Collected material:
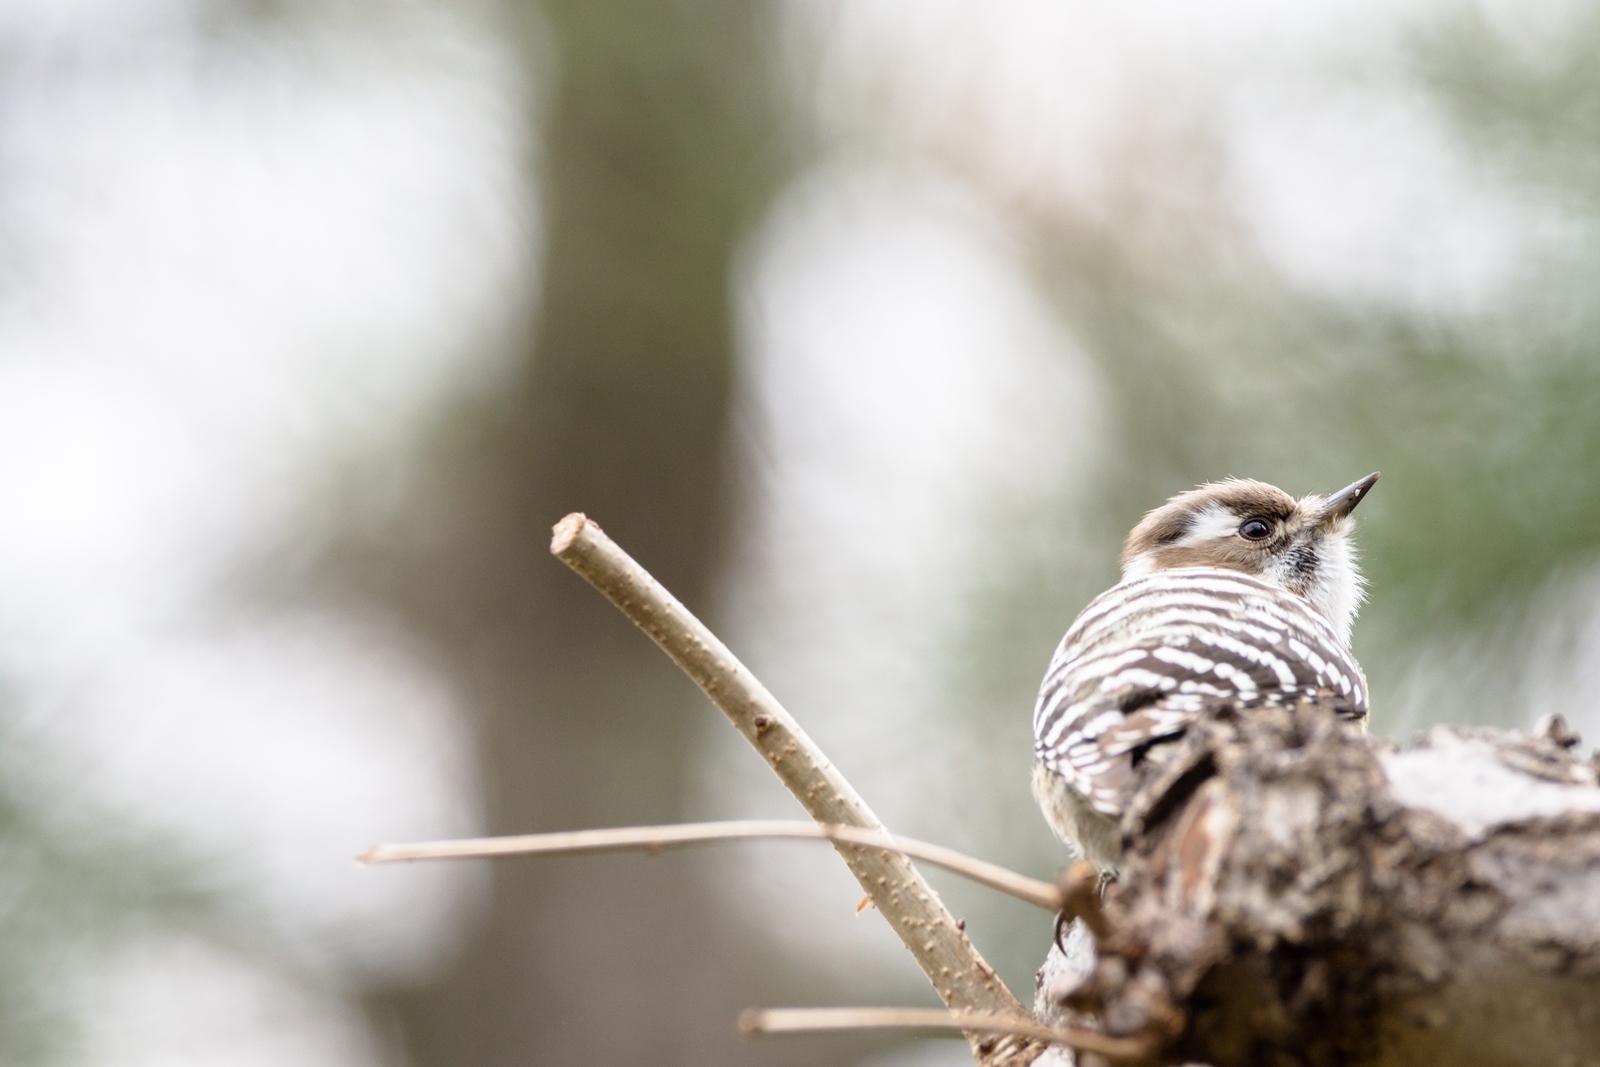 Photo: 「まっすぐな意思」 / Honest eyes.  つぶらな瞳に まっすぐな意思 こつこつと ただ日々を進む  Japanese Pygmy Woodpecker. (コゲラ)  Nikon D7200 SIGMA 150-600mm F5-6.3 DG OS HSM Contemporary  #birdphotography #birds #kawaii #nikon #sigma #小鳥グラファー  ( http://takafumiooshio.com/archives/757 )
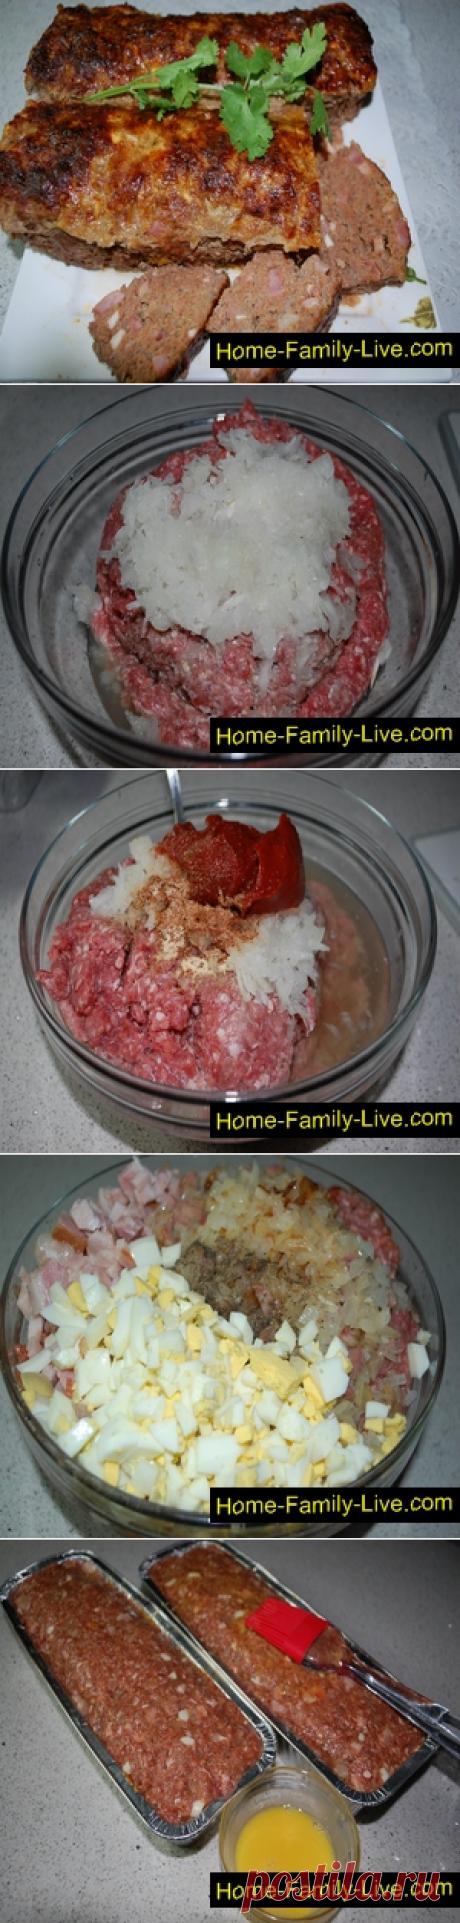 Мясной хлеб/Сайт с пошаговыми рецептами с фото для тех кто любит готовить
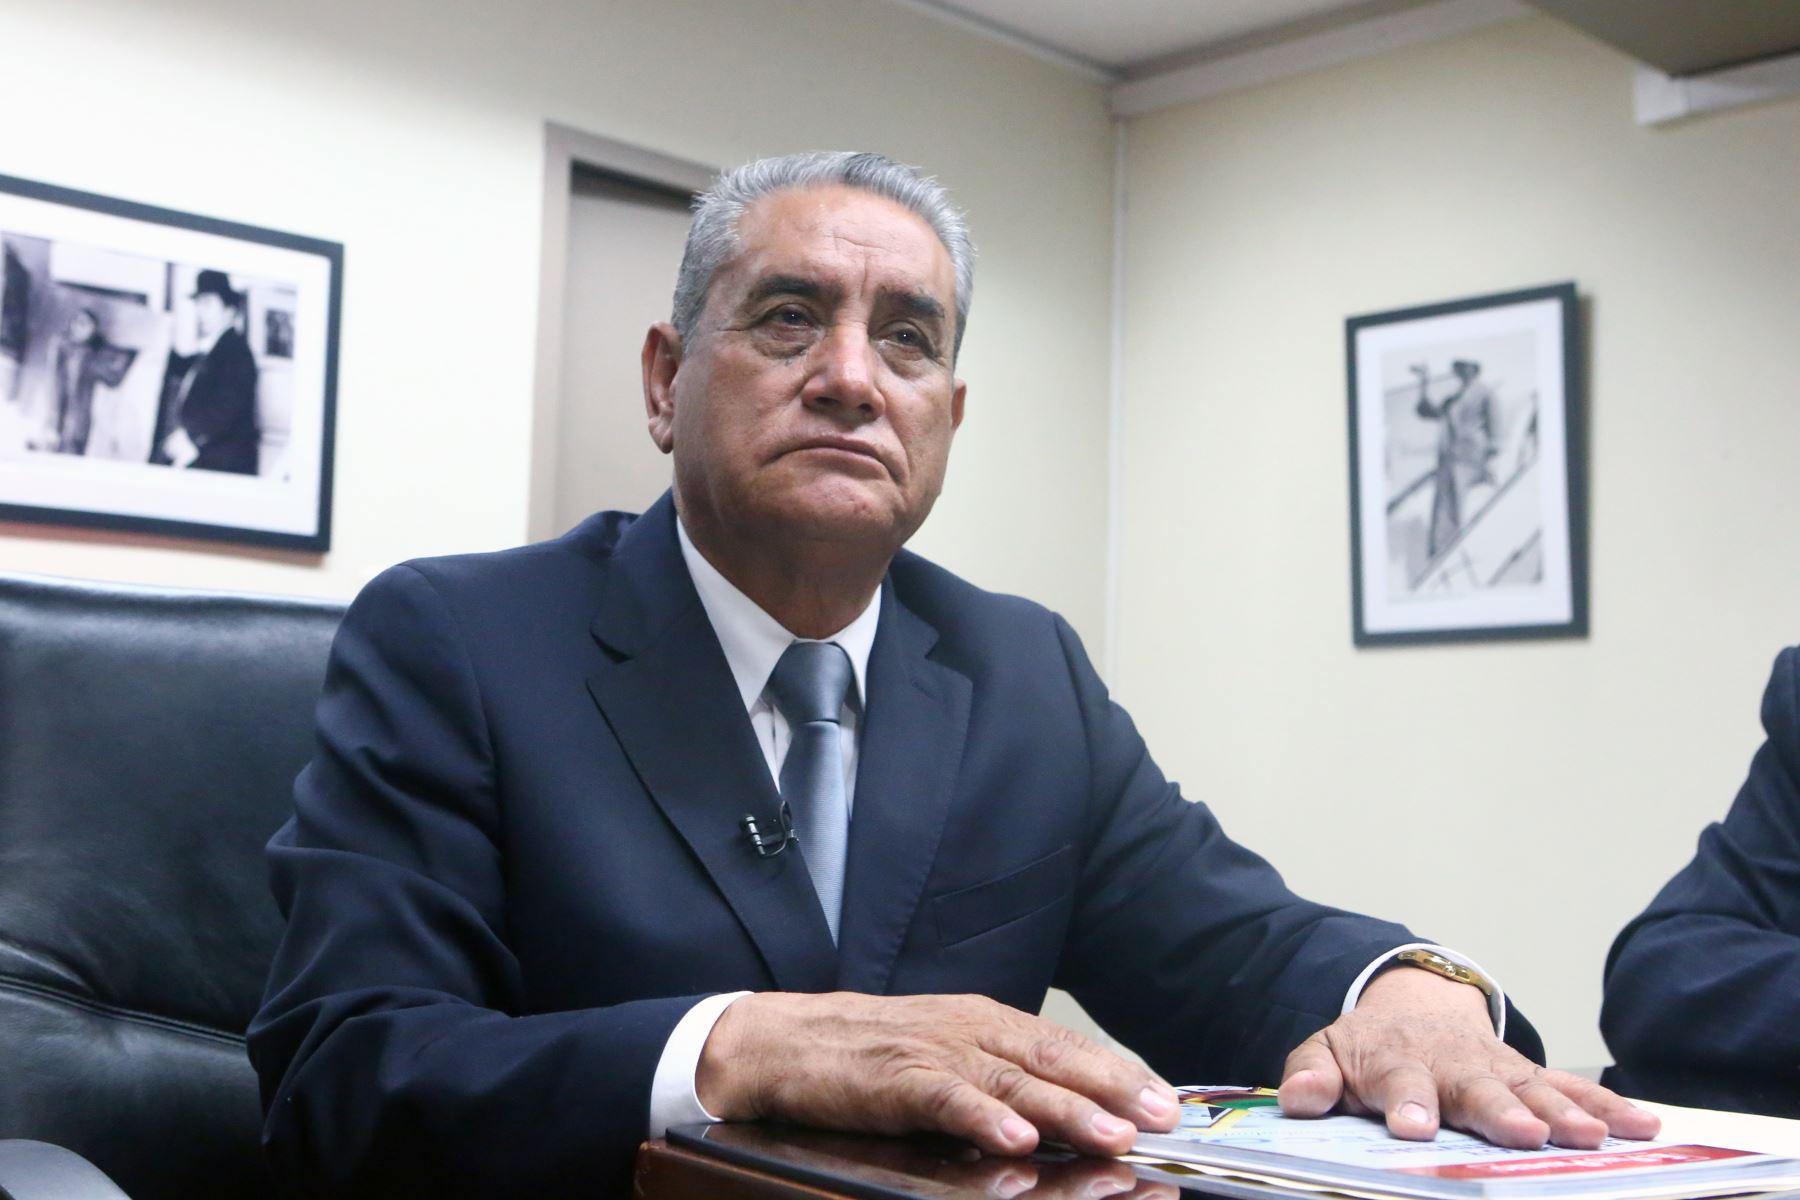 Amazonas impulsará proyectos turísticos para atraer más visitantes, anunció gobernador Oscar Altamirano. ANDINA/Héctor Vinces

Work to complete: What is needed is an exact transcription of the lines from the one holding "Мясной хлеб/Сайт с" to the end of the data, with every picture left out.

Solved problem:
 Мясной хлеб/Сайт с пошаговыми рецептами с фото для тех кто любит готовить
 Amazonas impulsará proyectos turísticos para atraer más visitantes, anunció gobernador Oscar Altamirano. ANDINA/Héctor Vinces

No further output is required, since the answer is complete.